Action item:
A complete and exact copy of the data below is the task.

(Items listed in a dataset)
------------------------------------------------

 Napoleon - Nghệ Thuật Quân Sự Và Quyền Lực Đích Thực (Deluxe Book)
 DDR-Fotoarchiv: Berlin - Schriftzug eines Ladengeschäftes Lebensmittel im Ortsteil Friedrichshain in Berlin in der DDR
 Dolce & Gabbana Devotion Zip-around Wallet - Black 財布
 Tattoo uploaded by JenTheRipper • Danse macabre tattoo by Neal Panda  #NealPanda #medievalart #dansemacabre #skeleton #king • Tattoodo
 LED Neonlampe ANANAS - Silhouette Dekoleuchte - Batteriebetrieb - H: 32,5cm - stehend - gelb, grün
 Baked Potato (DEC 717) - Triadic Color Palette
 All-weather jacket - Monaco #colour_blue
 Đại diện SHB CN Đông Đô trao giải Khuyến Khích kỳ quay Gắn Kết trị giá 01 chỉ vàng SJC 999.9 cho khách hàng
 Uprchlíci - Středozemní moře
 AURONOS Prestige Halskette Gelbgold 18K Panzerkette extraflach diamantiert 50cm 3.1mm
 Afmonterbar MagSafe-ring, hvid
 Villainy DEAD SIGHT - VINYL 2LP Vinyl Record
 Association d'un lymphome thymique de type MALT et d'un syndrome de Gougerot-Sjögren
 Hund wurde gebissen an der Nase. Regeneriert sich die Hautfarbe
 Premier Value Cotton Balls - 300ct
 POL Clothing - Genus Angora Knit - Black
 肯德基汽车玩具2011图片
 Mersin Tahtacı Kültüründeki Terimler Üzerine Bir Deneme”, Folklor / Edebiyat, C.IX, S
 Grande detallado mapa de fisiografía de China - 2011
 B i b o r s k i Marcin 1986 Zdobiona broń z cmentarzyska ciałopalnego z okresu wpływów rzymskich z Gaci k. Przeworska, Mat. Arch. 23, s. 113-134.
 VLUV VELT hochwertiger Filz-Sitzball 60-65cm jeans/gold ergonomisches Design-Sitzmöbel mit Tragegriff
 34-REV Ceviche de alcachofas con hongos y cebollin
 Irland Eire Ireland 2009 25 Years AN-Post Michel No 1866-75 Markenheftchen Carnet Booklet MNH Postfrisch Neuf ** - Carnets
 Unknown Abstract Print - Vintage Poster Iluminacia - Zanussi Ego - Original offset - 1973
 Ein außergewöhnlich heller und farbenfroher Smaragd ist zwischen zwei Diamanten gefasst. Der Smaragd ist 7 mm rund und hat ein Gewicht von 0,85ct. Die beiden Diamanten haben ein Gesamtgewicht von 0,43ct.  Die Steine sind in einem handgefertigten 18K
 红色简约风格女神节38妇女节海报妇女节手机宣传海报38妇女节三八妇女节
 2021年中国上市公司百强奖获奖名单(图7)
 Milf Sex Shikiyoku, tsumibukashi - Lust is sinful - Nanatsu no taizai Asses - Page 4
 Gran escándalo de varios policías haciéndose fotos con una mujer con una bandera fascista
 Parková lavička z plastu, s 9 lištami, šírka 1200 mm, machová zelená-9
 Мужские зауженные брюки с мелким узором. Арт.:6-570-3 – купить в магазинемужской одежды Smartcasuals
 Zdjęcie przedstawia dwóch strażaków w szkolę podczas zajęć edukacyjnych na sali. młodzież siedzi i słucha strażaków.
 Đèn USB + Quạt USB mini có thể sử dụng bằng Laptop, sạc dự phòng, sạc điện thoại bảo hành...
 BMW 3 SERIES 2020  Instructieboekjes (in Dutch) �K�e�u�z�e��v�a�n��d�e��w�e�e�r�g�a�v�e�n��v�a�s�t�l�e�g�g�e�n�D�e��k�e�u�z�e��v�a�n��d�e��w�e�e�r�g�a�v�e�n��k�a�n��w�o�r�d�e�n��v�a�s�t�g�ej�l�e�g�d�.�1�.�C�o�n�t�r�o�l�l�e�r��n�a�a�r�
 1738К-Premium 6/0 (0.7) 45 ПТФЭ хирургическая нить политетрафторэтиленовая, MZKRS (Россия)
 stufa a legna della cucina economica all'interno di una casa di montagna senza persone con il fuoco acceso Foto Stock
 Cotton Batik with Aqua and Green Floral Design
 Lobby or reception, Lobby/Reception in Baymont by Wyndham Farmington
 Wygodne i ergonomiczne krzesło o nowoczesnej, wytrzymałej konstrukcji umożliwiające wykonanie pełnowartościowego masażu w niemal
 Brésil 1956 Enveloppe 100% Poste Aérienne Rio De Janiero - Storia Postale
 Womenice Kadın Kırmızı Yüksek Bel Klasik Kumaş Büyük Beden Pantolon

------------------------------------------------

Your solution:
 Napoleon - Nghệ Thuật Quân Sự Và Quyền Lực Đích Thực (Deluxe Book)
 DDR-Fotoarchiv: Berlin - Schriftzug eines Ladengeschäftes Lebensmittel im Ortsteil Friedrichshain in Berlin in der DDR
 Dolce & Gabbana Devotion Zip-around Wallet - Black 財布
 Tattoo uploaded by JenTheRipper • Danse macabre tattoo by Neal Panda  #NealPanda #medievalart #dansemacabre #skeleton #king • Tattoodo
 LED Neonlampe ANANAS - Silhouette Dekoleuchte - Batteriebetrieb - H: 32,5cm - stehend - gelb, grün
 Baked Potato (DEC 717) - Triadic Color Palette
 All-weather jacket - Monaco #colour_blue
 Đại diện SHB CN Đông Đô trao giải Khuyến Khích kỳ quay Gắn Kết trị giá 01 chỉ vàng SJC 999.9 cho khách hàng
 Uprchlíci - Středozemní moře
 AURONOS Prestige Halskette Gelbgold 18K Panzerkette extraflach diamantiert 50cm 3.1mm
 Afmonterbar MagSafe-ring, hvid
 Villainy DEAD SIGHT - VINYL 2LP Vinyl Record
 Association d'un lymphome thymique de type MALT et d'un syndrome de Gougerot-Sjögren
 Hund wurde gebissen an der Nase. Regeneriert sich die Hautfarbe
 Premier Value Cotton Balls - 300ct
 POL Clothing - Genus Angora Knit - Black
 肯德基汽车玩具2011图片
 Mersin Tahtacı Kültüründeki Terimler Üzerine Bir Deneme”, Folklor / Edebiyat, C.IX, S
 Grande detallado mapa de fisiografía de China - 2011
 B i b o r s k i Marcin 1986 Zdobiona broń z cmentarzyska ciałopalnego z okresu wpływów rzymskich z Gaci k. Przeworska, Mat. Arch. 23, s. 113-134.
 VLUV VELT hochwertiger Filz-Sitzball 60-65cm jeans/gold ergonomisches Design-Sitzmöbel mit Tragegriff
 34-REV Ceviche de alcachofas con hongos y cebollin
 Irland Eire Ireland 2009 25 Years AN-Post Michel No 1866-75 Markenheftchen Carnet Booklet MNH Postfrisch Neuf ** - Carnets
 Unknown Abstract Print - Vintage Poster Iluminacia - Zanussi Ego - Original offset - 1973
 Ein außergewöhnlich heller und farbenfroher Smaragd ist zwischen zwei Diamanten gefasst. Der Smaragd ist 7 mm rund und hat ein Gewicht von 0,85ct. Die beiden Diamanten haben ein Gesamtgewicht von 0,43ct.  Die Steine sind in einem handgefertigten 18K
 红色简约风格女神节38妇女节海报妇女节手机宣传海报38妇女节三八妇女节
 2021年中国上市公司百强奖获奖名单(图7)
 Milf Sex Shikiyoku, tsumibukashi - Lust is sinful - Nanatsu no taizai Asses - Page 4
 Gran escándalo de varios policías haciéndose fotos con una mujer con una bandera fascista
 Parková lavička z plastu, s 9 lištami, šírka 1200 mm, machová zelená-9
 Мужские зауженные брюки с мелким узором. Арт.:6-570-3 – купить в магазинемужской одежды Smartcasuals
 Zdjęcie przedstawia dwóch strażaków w szkolę podczas zajęć edukacyjnych na sali. młodzież siedzi i słucha strażaków.
 Đèn USB + Quạt USB mini có thể sử dụng bằng Laptop, sạc dự phòng, sạc điện thoại bảo hành...
 BMW 3 SERIES 2020  Instructieboekjes (in Dutch) �K�e�u�z�e��v�a�n��d�e��w�e�e�r�g�a�v�e�n��v�a�s�t�l�e�g�g�e�n�D�e��k�e�u�z�e��v�a�n��d�e��w�e�e�r�g�a�v�e�n��k�a�n��w�o�r�d�e�n��v�a�s�t�g�ej�l�e�g�d�.�1�.�C�o�n�t�r�o�l�l�e�r��n�a�a�r�
 1738К-Premium 6/0 (0.7) 45 ПТФЭ хирургическая нить политетрафторэтиленовая, MZKRS (Россия)
 stufa a legna della cucina economica all'interno di una casa di montagna senza persone con il fuoco acceso Foto Stock
 Cotton Batik with Aqua and Green Floral Design
 Lobby or reception, Lobby/Reception in Baymont by Wyndham Farmington
 Wygodne i ergonomiczne krzesło o nowoczesnej, wytrzymałej konstrukcji umożliwiające wykonanie pełnowartościowego masażu w niemal
 Brésil 1956 Enveloppe 100% Poste Aérienne Rio De Janiero - Storia Postale
 Womenice Kadın Kırmızı Yüksek Bel Klasik Kumaş Büyük Beden Pantolon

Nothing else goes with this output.